For these kinds of people, no amount of rational evidence or argument is going to convince them this is bad. They practically make an identity out of eschewing anything that seems too orderly or too designed.
(Luckily, at work, most of us on our team like `Pydantic` and also (some of us more than others) type-checking, so these people are dragged along)
In bioinformatics, one of our main dataflow platforms, Nextflow, is built with unnamed tuples in mind. Implementing the ability to conveniently pass data with HashMaps instead of unnamed tuples was a huge boost to usability for me.
i really want to go on a rant about the general state and historical choices regarding data formats and data structures in bioinformatics, plus all the wheel reinvention.
but i’m also trying to move on and do things differently today.
let’s just say the situation is displeasing and leave it at that.
I largely moved away from dictionaries when switching to swift.

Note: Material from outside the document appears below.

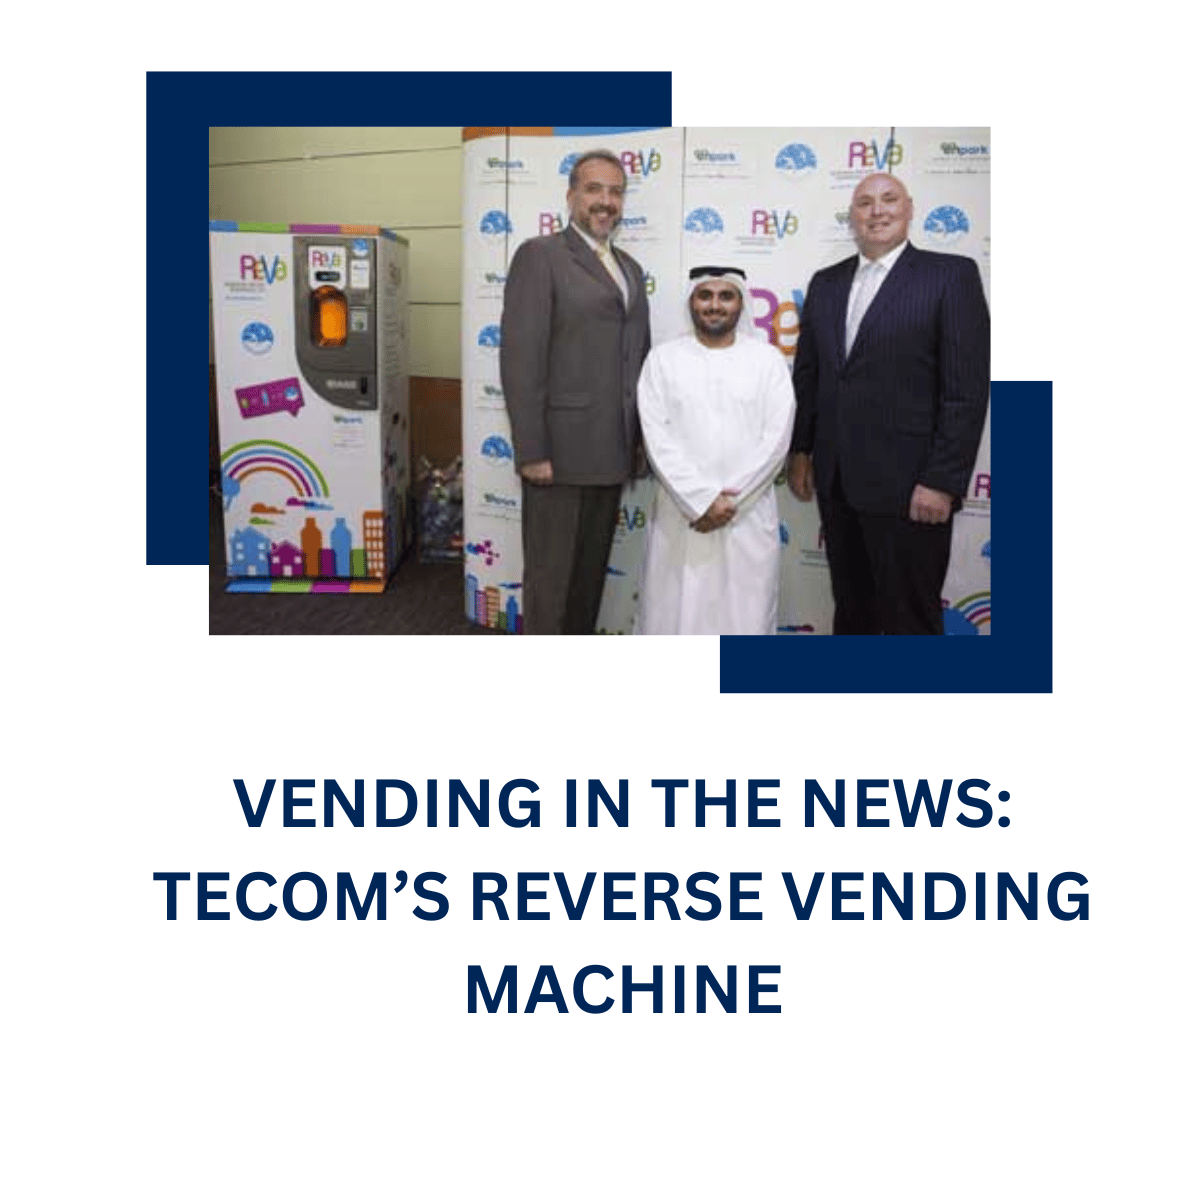 VENDING IN THE NEWS: TECOM’S REVERSE VENDING MACHINE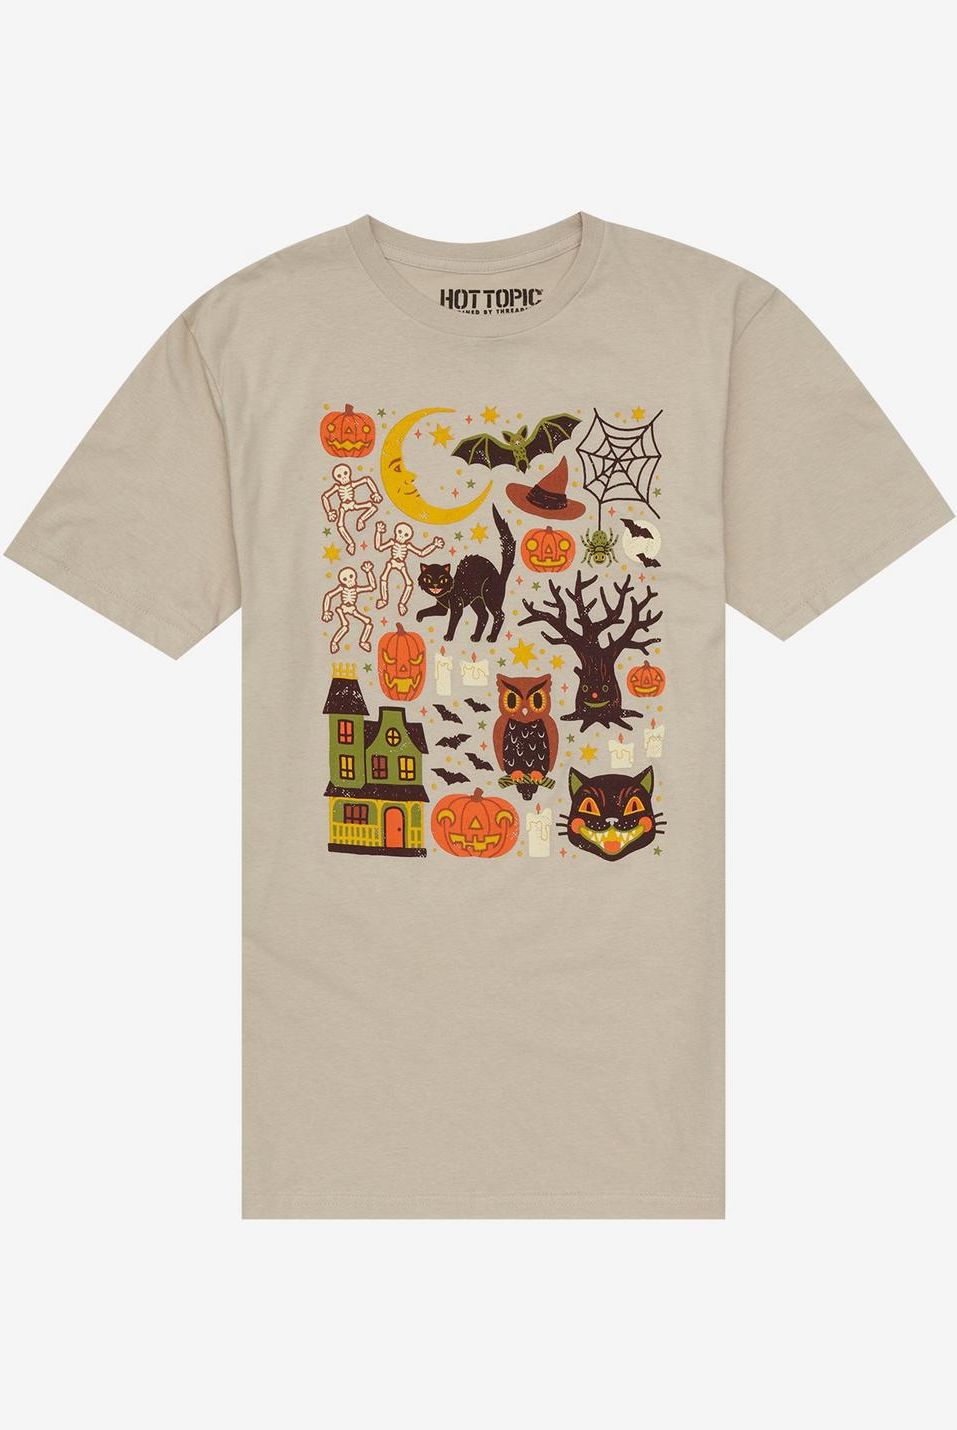 The Best Cute Halloween Shirts Graphic by Fairymahi66 · Creative

Usually we only use them now when going from legacy code.
For the example in the article with JSON, Swift has the Codable protocol, which cleaned all my client code for our back end from the old NSJSONSerialization code.
I don't agree with the predicate, but I have to admit that the rest of the article is well written to list the different ways to give types to dicts when it is needed.
If you want an example of a language where the exact opposite advice is taken at all times (with all the pitfalls described in this blog post), give Clojure a whirl.
This isn't arguing against them in general, but against the unfortunate Javascript-esque abandonment of specified semantics.
In particular, whenever anyone thinks that "deep clone vs shallow clone" is a meaningful distinction, that means their types are utterly void of meaning.
Another way to look at it is the functional core, imperative shell pattern.
Wrapping up your dict in a value object (dataclass or whatever that is in you language) early on means you handle the ugly stuff first. Parse don't validate. Resist the temptation of optional fields. Is there really anything you can do if the field is null? No, then don't make it optional. Let it crash early on. Clearly define you data.
If you have put your data in a neat value objects you know what is in it. You know the types. You know all required fields are there. You will be so much happier. No checking for null throughout the code, no checking for empty strings. You can just focus on the business logic.
Seriously so much suffering can be avoided by just following this pattern.